- Other names: Adult neuronal ceroid lipofuscinosis, ANCL, Adult NCL

= Kufs disease =

Kufs disease is one of many diseases categorized under a disorder known as neuronal ceroid lipofuscinosis (NCLs) or Batten disease. NCLs are broadly described to create problems with vision, movement and cognitive function.

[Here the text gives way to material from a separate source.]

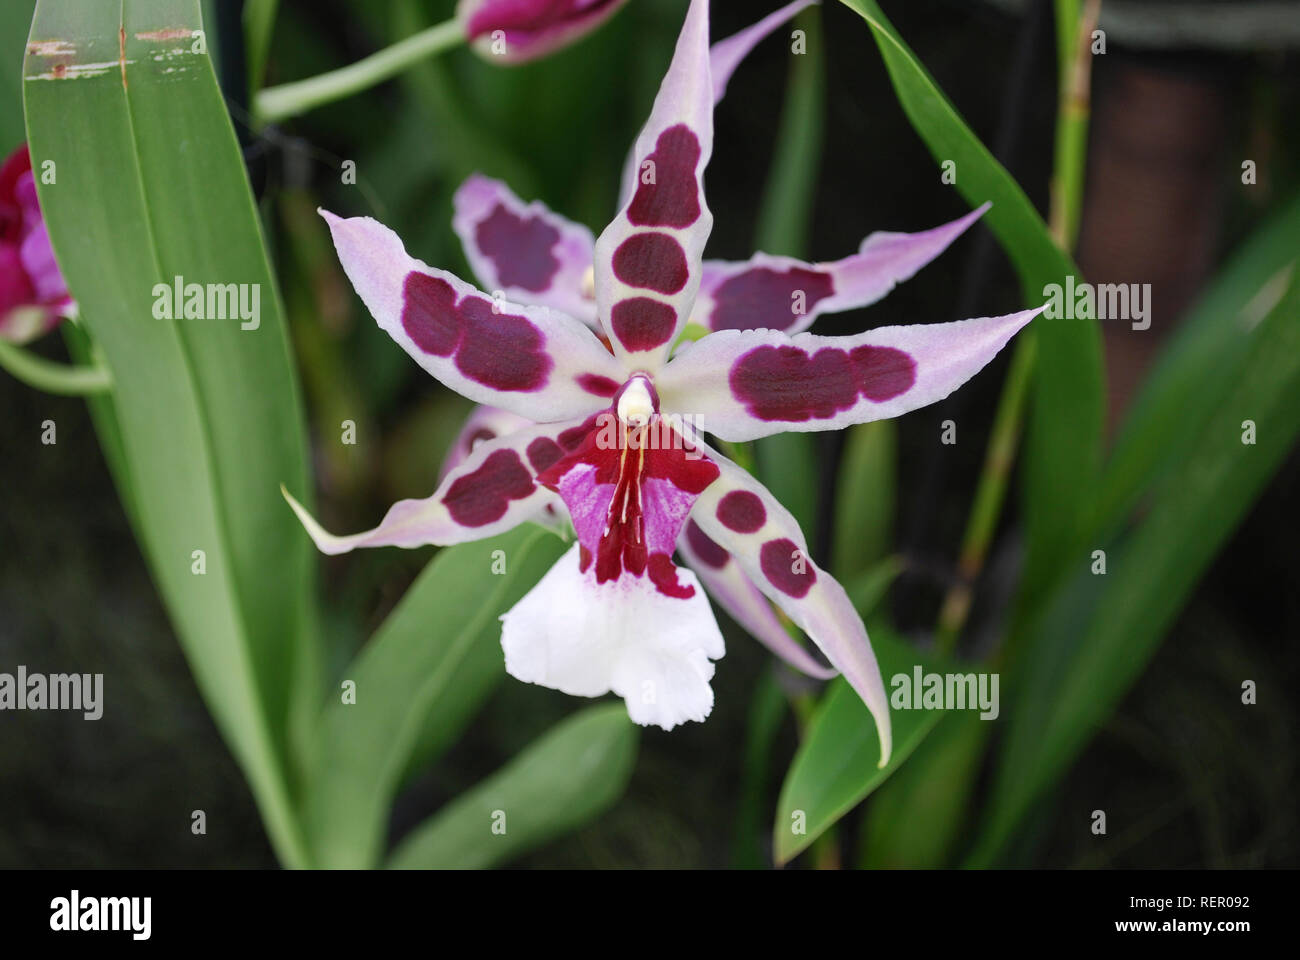 Aliceara (Beallara) Peggy Ruth Carpenter Morning Joy Orchid flower. Stock Photo

Among all NCLs diseases, Kufs is the only one that does not affect vision, and although this is a distinguishing factor of Kufs, NCLs are typically differentiated by the age at which they appear in a patient.

==Signs and symptoms==
Kufs is a neuronal disease, meaning it affects the nervous system, specifically voluntary movement and intellectual function. Symptoms of Kufs can manifest anytime between adolescence and adulthood; however, it usually appears around age 30.
There are two types of Kufs: Type A and Type B. Type A causes seizures, myoclonic epilepsy (muscle jerks), dementia, ataxia (compromised muscle coordination), tremors and tics, dysarthria (speech difficulties), confusion, and psychotic behaviour. Although similar to Type A, patients with Type B do not experience myoclonic epilepsy or dysarthria, and they do display changes in personality. Occasionally, patients present with skin disorders causing dryness, roughness, and scaliness. The skin symptoms are a result of keratin buildup in the skin cells (see Genetics for more information). Regardless of the type, most Kufs patients do not survive more than 15 years after their symptoms manifest.

==Genetics==
Type A and Type B Kufs disease are caused by mutations in two sets of different genes. Both gene sets are responsible for producing proteins and enzymes that are heavily involved in protein degradation and excretion in the cell – specifically, the nerve cell.

===Type A===
Mutations to the CLN6 and PPT1 genes result in Kufs disease Type A. CLN6 produces proteins that facilitate fat transport throughout a cell, as well as excretion out of the cell. The PPT1 gene codes for the enzyme palmotoyl-protein thioesterase-1. This enzyme is responsible for removing the fatty-acid side chains off of proteins that have been translocated into the lysosome. By removing the surrounding fats, palmotoyl-protein thioesterase-1 creates easier access for other enzymes to break down the rest of the protein. Fatty substance build up in the brain is a consequence of the mutated genes. The fats and proteins that build up are called lipopigments. Eventually the buildup of lipopigments results in death of the neuron cells, giving way to the phenotypic symptoms. Type A is an autosomal recessive disease, indicating that it is inherited from the parents. Each parent must carry one copy of the mutation; however, the recessive designation indicates that with only one copy, the parents are not affected, and do not show any symptoms.

===Type B===
Kufs disease Type B is caused by mutations to the DNAJC5 and CTSF genes. This form of Kufs is autosomal dominant, meaning that only one copy of each mutated gene is enough for the disease to manifest. When there is a mutation in the DNAJC5 gene, it affects the production of a cysteine string protein (CSP) that is coded within DNAJC5. CSP aids in transmitting signals through the nerves found in the brain. When the CTSF gene is mutated, it cannot produce Cathepsin F, an enzyme that cuts proteins in the lysosome. By cutting proteins, Cathepsin F can modify the function of the proteins as well as help break them down. Similar to Type A, when both DNAJC5 and CTSF are non-functional, it results in the incomplete breakdown of proteins. Once again, lipopigments build up and brain function is decreased as the neuron cells die.

==Diagnosis==
Diagnosis is usually done by performing genetic analysis (e.g. sequencing, genotyping) when there is reason to suspect Kufs disease. Clinicians may order such tests when the common phenotypes of Kufs disease are observed in patients in order to confirm the diagnosis.

==Treatment==
Kufs disease is managed through supportive care.